3 of 3 people found the following review helpful A Kid's Review on June 3, 2005
Format: School & Library Binding
Book Review of "It Ain't all for Nothin"

The book "It Ain't All For Nothin" (1978) by Walter Dean Myers is a fiction story about a father named Lonnie and son, named Tippy. Is where Tippy goes through the roughest time adjusting to living with his father Lonnie. Why? Because his father Lonnie abuses him physical and mentally; also he has no steady job. So he steals and robs other people for a living with the help of his friends. And this isn't how Tippy's grandma raised him to live. But he have no where to go after his grandma become ill, and unable to care for the state think?

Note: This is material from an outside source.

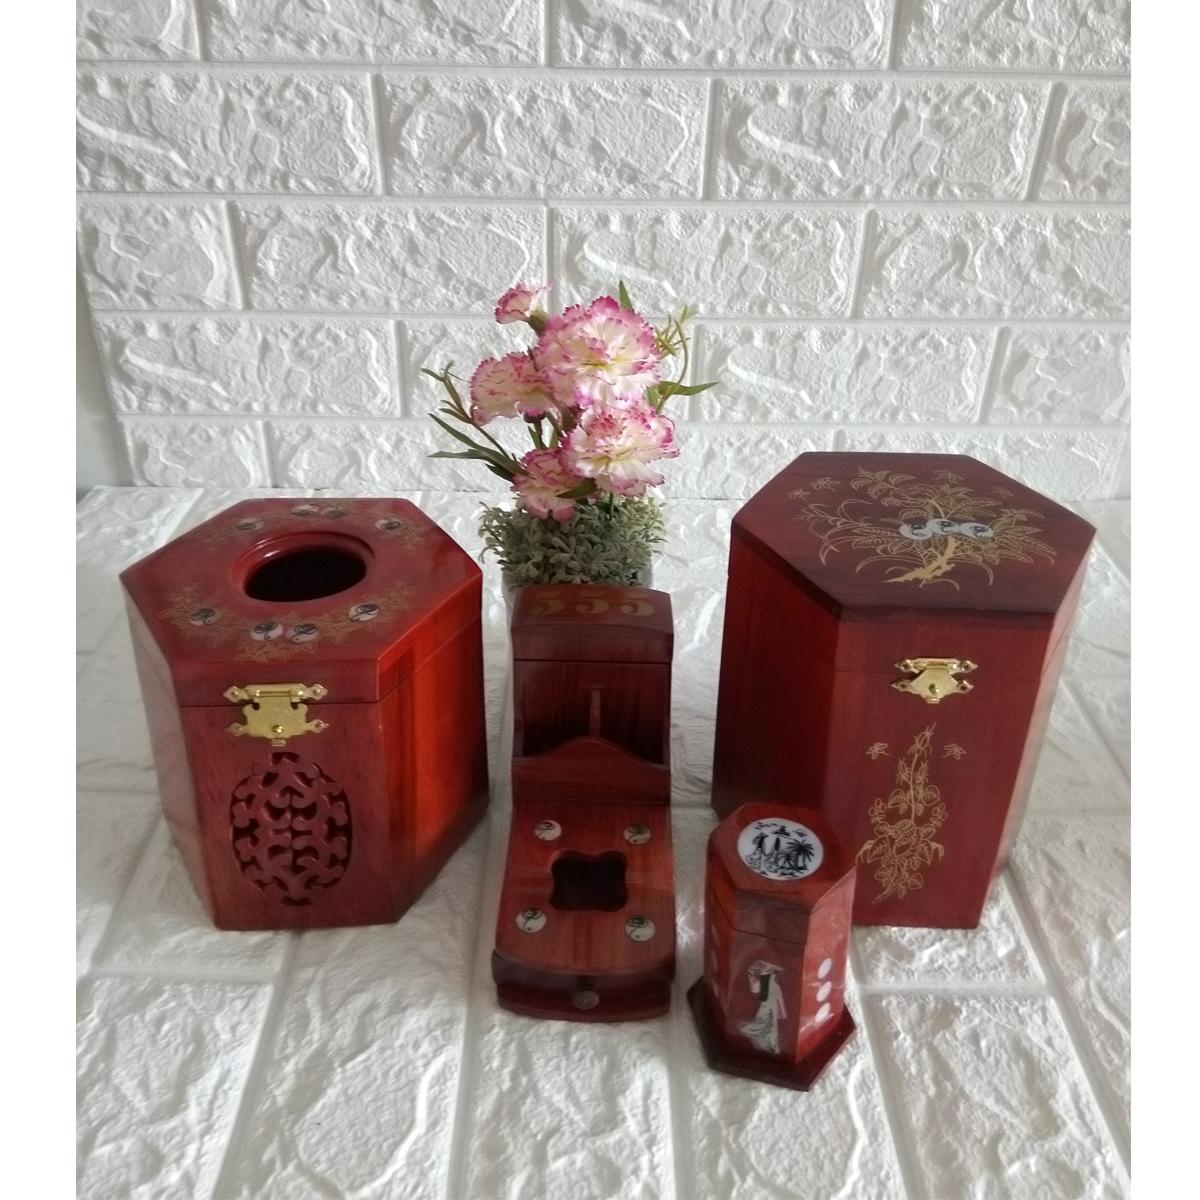 Bộ 4 món tiện ích gỗ hương Hộp Trà lớn,gạt tàn,hộp tăm,hộp giấy lục lăng - CGLG04

While reading this short novel I give it two thumps up. This novel is very good. It shows readers what a struggle it can be to live with an abusive person-Especially when you're used to doing the right thing and now you can't even be yourself anymore. It Ain't All For Nothin reminds of another novel I read last year. Black Girl Lost by Donald Gainer. Both novels...are two young black kids who are in an abusive home. [ With no one to rely on in the time of need have despair.] Until one day God must have known this was enough on their tiny hearts and sent someone their way for salvation. But the only thing different about that Tippy in ItAin't All for Nothin is a boy and his father Lonnie abuses him. Sarah, a character in Black Girl Lost is being abuses her mother and her drunk male friends.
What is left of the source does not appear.